I am regularly reminded that there has to be more to it. It happened again just recently at a relative’s memorial service. The minister, in an insightful eulogy, highlighted the deceased’s positive attributes and deftly skirted the negatives with quirky humane anecdotes. Then she got to the part about being welcomed into the Kingdom of Heaven by the hand of God. That’s where I got lost.
Where do those religious images get their power? How can so many otherwise reasonable people swallow these ancient myths? Given our species’ proclivity to cook up bunkum, isn’t there a strong case that, millennia ago, in the smoky murk of their tents, village elders invented these tales to pacify their tribes just as we have invented Santa Claus and the Easter Bunny to brighten the lives of our kids, and maybe even, as a side effect, encourage them to “be good.” In spite of this, the most ardently religious among us have taken on the modern scientific community – offering up intelligent design to replace Darwinian evolution. Sadly, that has so infuriated some scientists that they are now making equally hard-to-believe claims.
Most outspoken among them has been Richard Dawkins. He responds to the intelligent designers in his book River Out of Eden: “In a universe of electrons and selfish genes, blind physical forces and genetic replication, some people are going to get hurt, other people are going to get lucky, and you won’t find any rhyme or reason in it, nor any justice. ” Then, in The God Delusion, he takes the gloves off: “The only watchmaker is the blind forces of physics.” So now the hand of a personal, all-seeing god has been replaced by blind physics?
Don’t get me wrong. Physics has explained a lot. It has given us lasers, computers, and atomic energy. But can it ever explain self awareness, or love, or fear or the infinitude of other ideas and emotions which are much more palpably part of my reality than, say, electrons. Dawkins, it seems to me, has made a leap of faith as audacious as that of the minister. I imagine that, if asked, he would say that these obvious realities have not YET been explained by the forces of physics, but that they soon will be. Well, good luck.
Once upon a time, sages knew that the cosmos rotated around the earth. Then Copernicus, Galileo and Newton set the record straight, explaining the way the laws of physics explained how the solar system worked. And now our modern sages say the laws of physics, as they know them, explain EVERYTHING.

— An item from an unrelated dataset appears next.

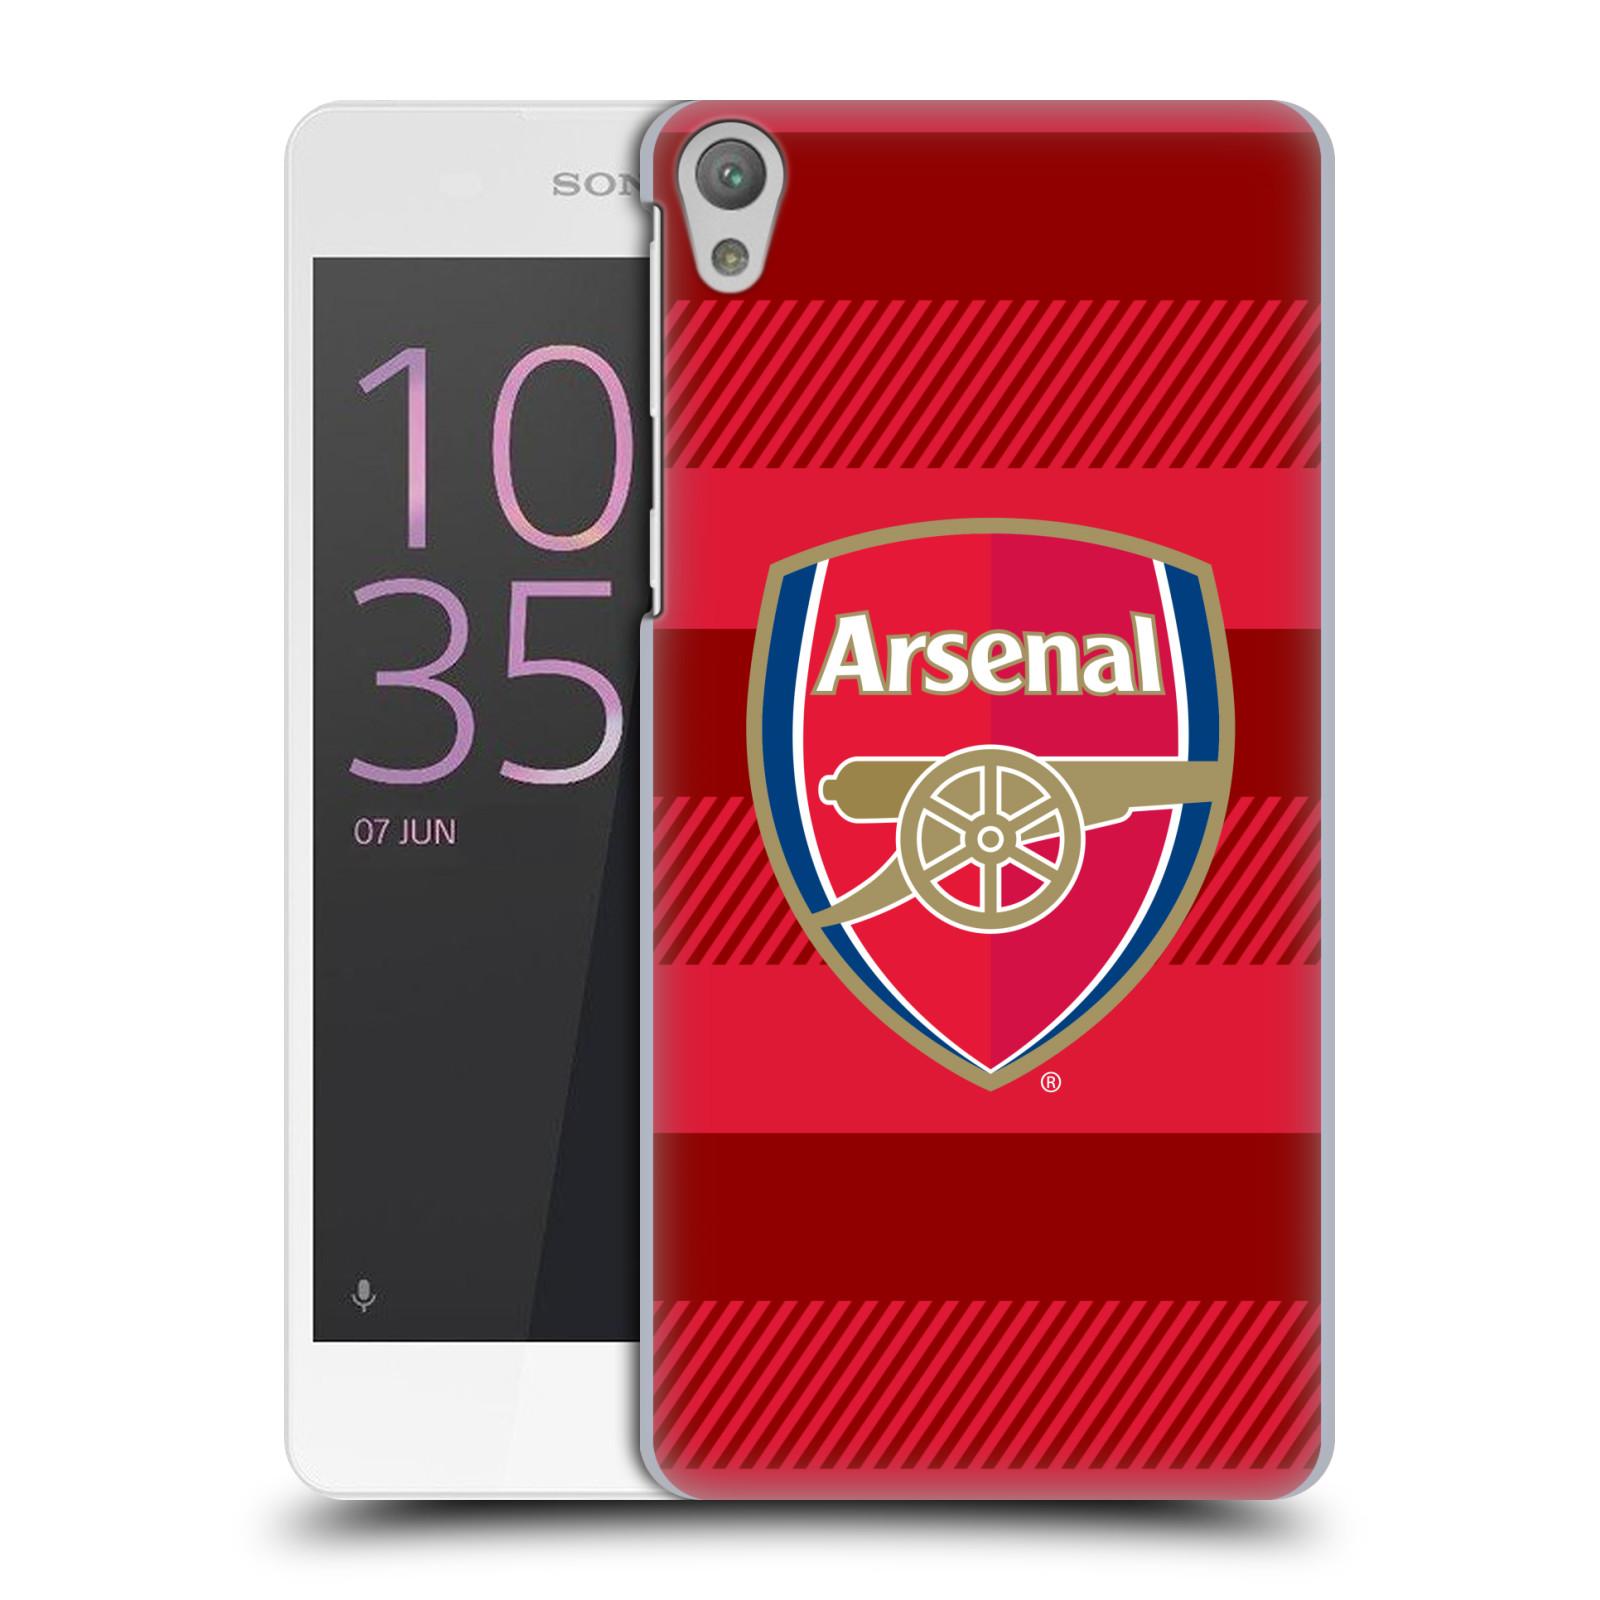 Plastové pouzdro na mobil Sony Xperia E5 - Head Case - Arsenal FC - Logo s pruhy

Of course this claim, which seems to deny the reality of the very house we live in, gets the religious community pretty animated. And, indeed, there is blood in the water and the intelligent designers smell it. They sense the wound in the argument. They perceive a lack of face validity. And they enthusiastically send their legions into the battle for hearts and minds to knock on doors, run for school board and petition their legislatures with an even more cockeyed weltanschauung.
Like civilians caught in a crossfire between warring radicals, this leaves us common folk running for cover. Faced with a choice between equally unsatisfactory alternatives most of us enter denial and go about our lives as though there is no need to think about the big picture. But underneath it all, we know the big picture is pretty important for our peace of mind. And even though it is tempting to think about this stuff as an either or situation, I think that the truth may well lie elsewhere.
I’m no philosopher and I am certainly no physicist but some writings by NYU Professor of Philosophy Thomas Nagel in his book Mind and Cosmos, and other recent ideas put forward by some respected physicists in an article in Scientific American suggest alternatives to those conventional wisdoms and they do so coming from very different disciplinary directions. The philosopher’s ideas appeared in a NYTimes Opinionator piece of August 18, 2013 where he argues convincingly that self awareness and the ability to reason are just as “real” as a chair. He further makes a strong case that an understanding of these things is simply not accessible to the physical sciences. At about the same time in the August 2013 issue of Scientific American, Meinard Kuhlman reviews the ideas of several physicists who, addressing the incompatibility of quantum mechanics and the theory of relativity, argue that the basic elements of reality are not particles and energy but ……….relationships and qualities!
Perhaps we’re getting somewhere. Or at least we may be on a path out of the two intellectual deserts in one of which we and the rest of the cosmos are a meaningless accident while in the other we are the plaything of a bearded old gent who, like Santa Claus, takes us on his knee and promises to give us what we ask for if we’re good.
I don’t pretend to know where the path ends, or if it ends at all. But I am tempted to believe that along the way a story emerges that takes into account the 95% of mass in the universe that those brainy scientists tell us is “dark matter”, makes clear to common mortals how Schroedinger’s cat in a box can be both alive and dead at the same time, acknowledges the fact that the feelings I have towards those I love are as real as the chair I’m sitting on and proves, unequivocally, that Descartes was right when he said “I think, therefore I am.” And so, by the way, are you!